Dave wraps my fingers around an icy drink, then presses a tiny blue pill into my palm. “Not only will this little guy knock you senseless, the sleep will be deep and dreamless and last all the way home.”
If there’s one thing you can count on from an urban, sophisticated gay man, it’s good pharmaceuticals. I toss the pill back without hesitation.
And then I turn to the window, press my forehead to the glass and wait for senseless, dreamless sleep to pull me under.
17
Dave and I are halfway up the walk when Mom swings the door open and steps onto the porch in her bathrobe. “Lieverds! Welcome home.”
We’ve been on the ground for a little over an hour, and I’m still headachy and groggy from Dave’s little pill. But the bigger issue is what Dad told me is waiting upstairs on my bathroom counter. Will’s ring is like a living, breathing presence in this house, calling me to it like a beacon. I have a million things to do, a long list of people to call back, yet all I can think about is the ring.
I piece together what I hope is a halfway decent smile. “Hi, Mom.”
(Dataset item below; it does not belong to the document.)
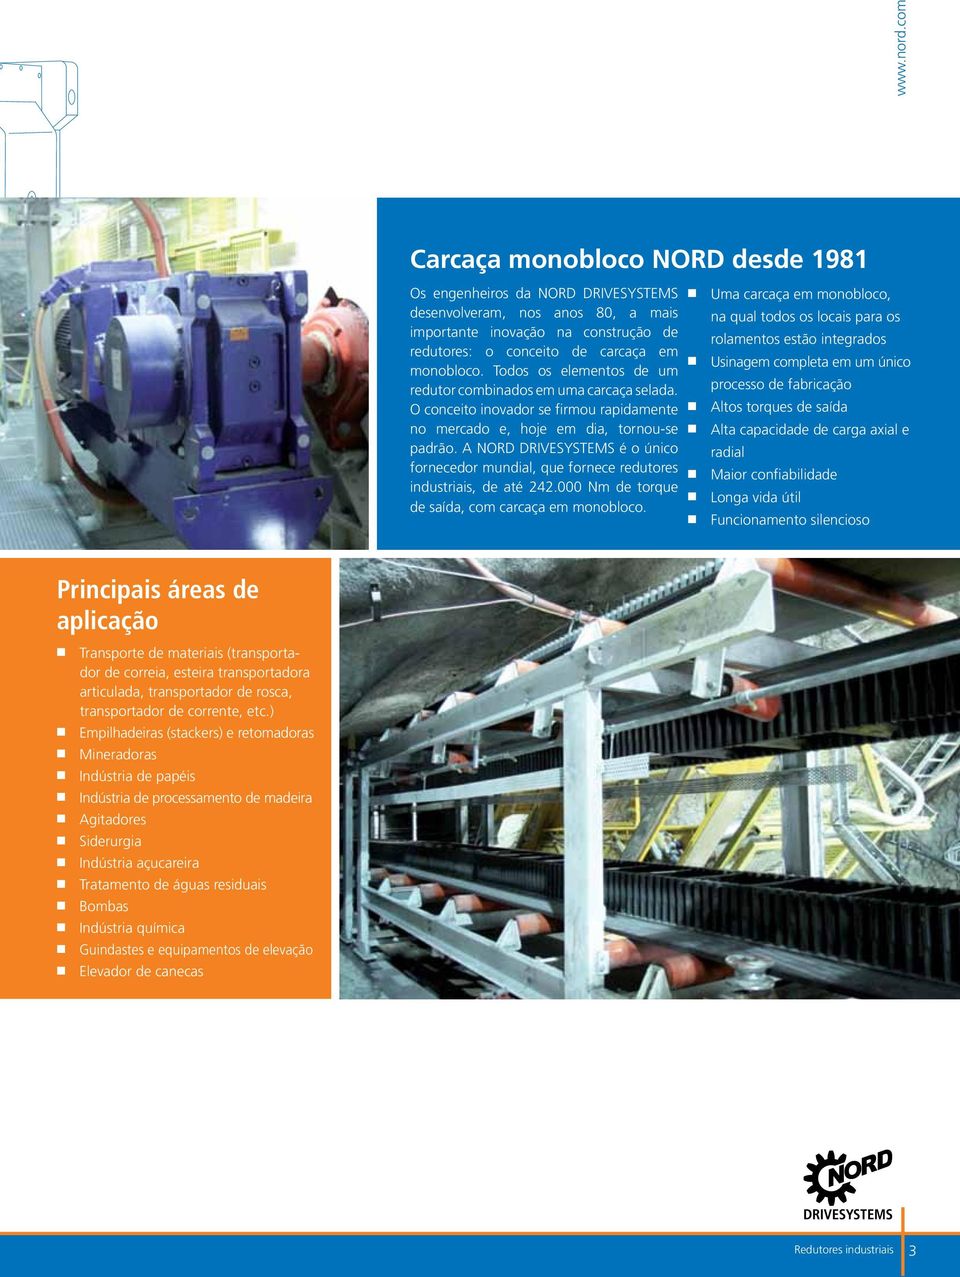 A NORD é o único fornecedor mundial, que fornece redutores industriais, de até 242.000 Nm de torque de saída, com carcaça em monobloco.
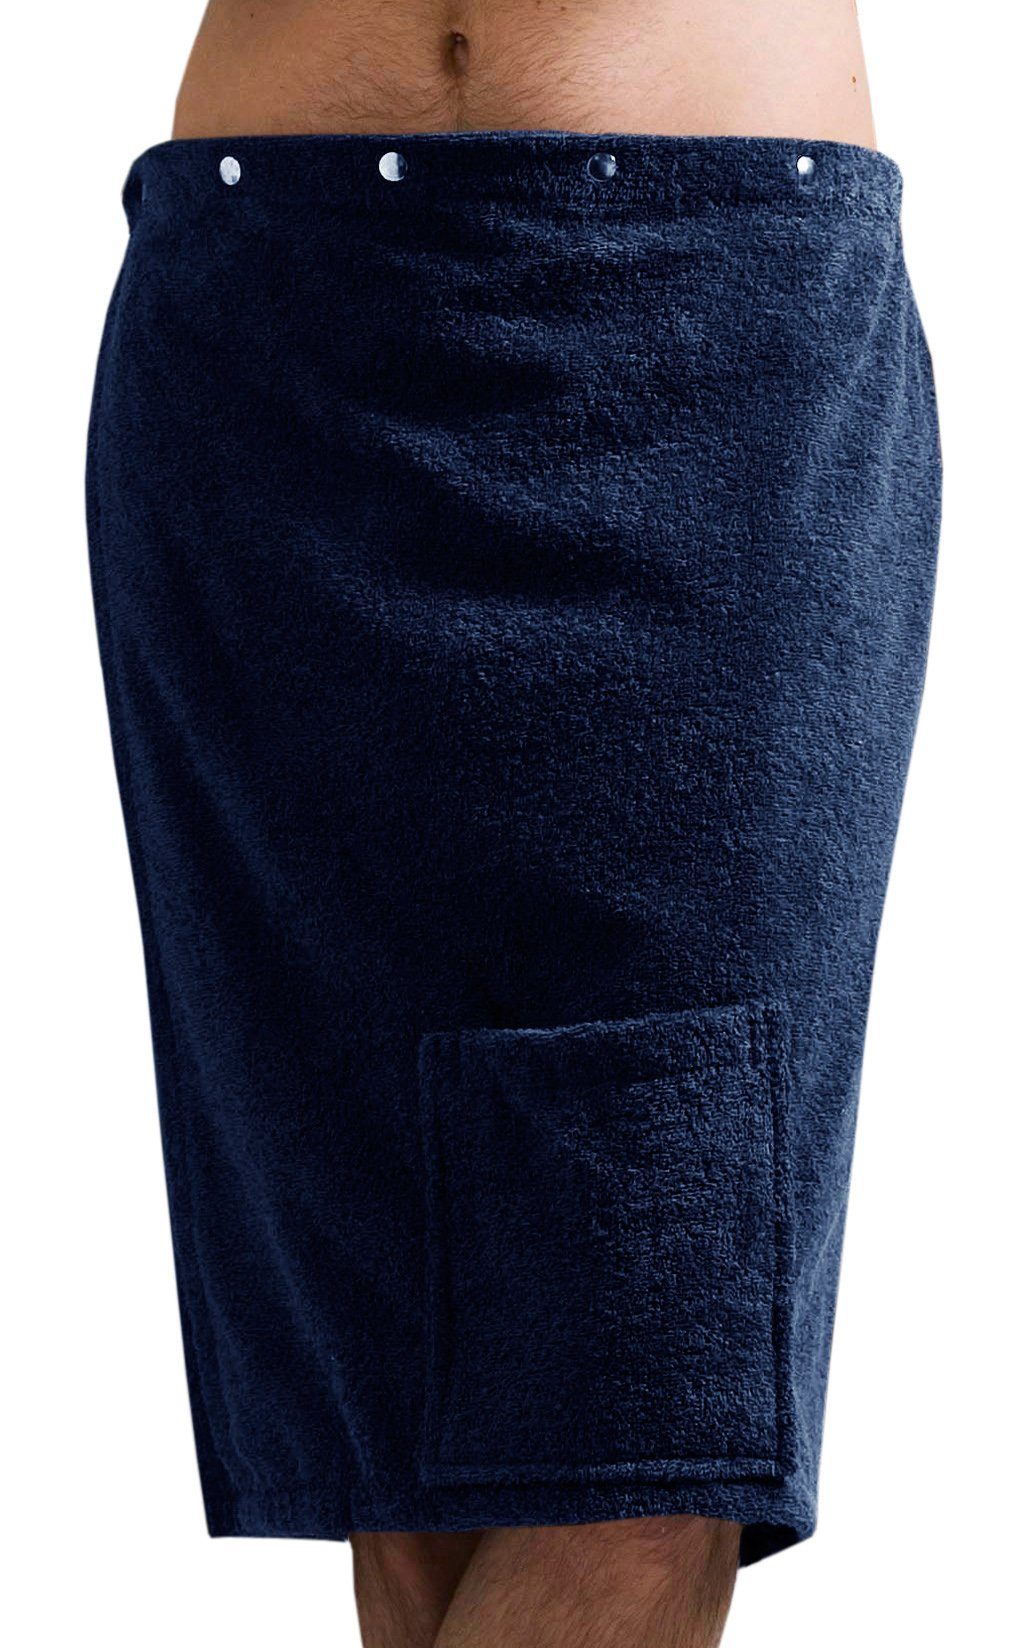 Knöpfe, der kuschelige Saunarock Lashuma für Kilt, Kurzform, Männer - Baumwolle, jeansblau

Her worried gaze tips to Dave, trailing me up the porch stairs. I don’t have to turn to know he’s gesturing for her to back up and give me some space. Her look of obvious dismay at his message tugs at me, and I remember a Christmas not too long ago, when after too much eggnog she admitted to sometimes feeling like a jilted lover around me and Dave, so covetous is she of our connection. She’s wearing the exact same expression now. I reach the top and step into her arms, sinking into a rare bear hug, and her body shakes with what I know is frustration. My mother is a fixer, and my life has turned into a tragedy she can’t fix.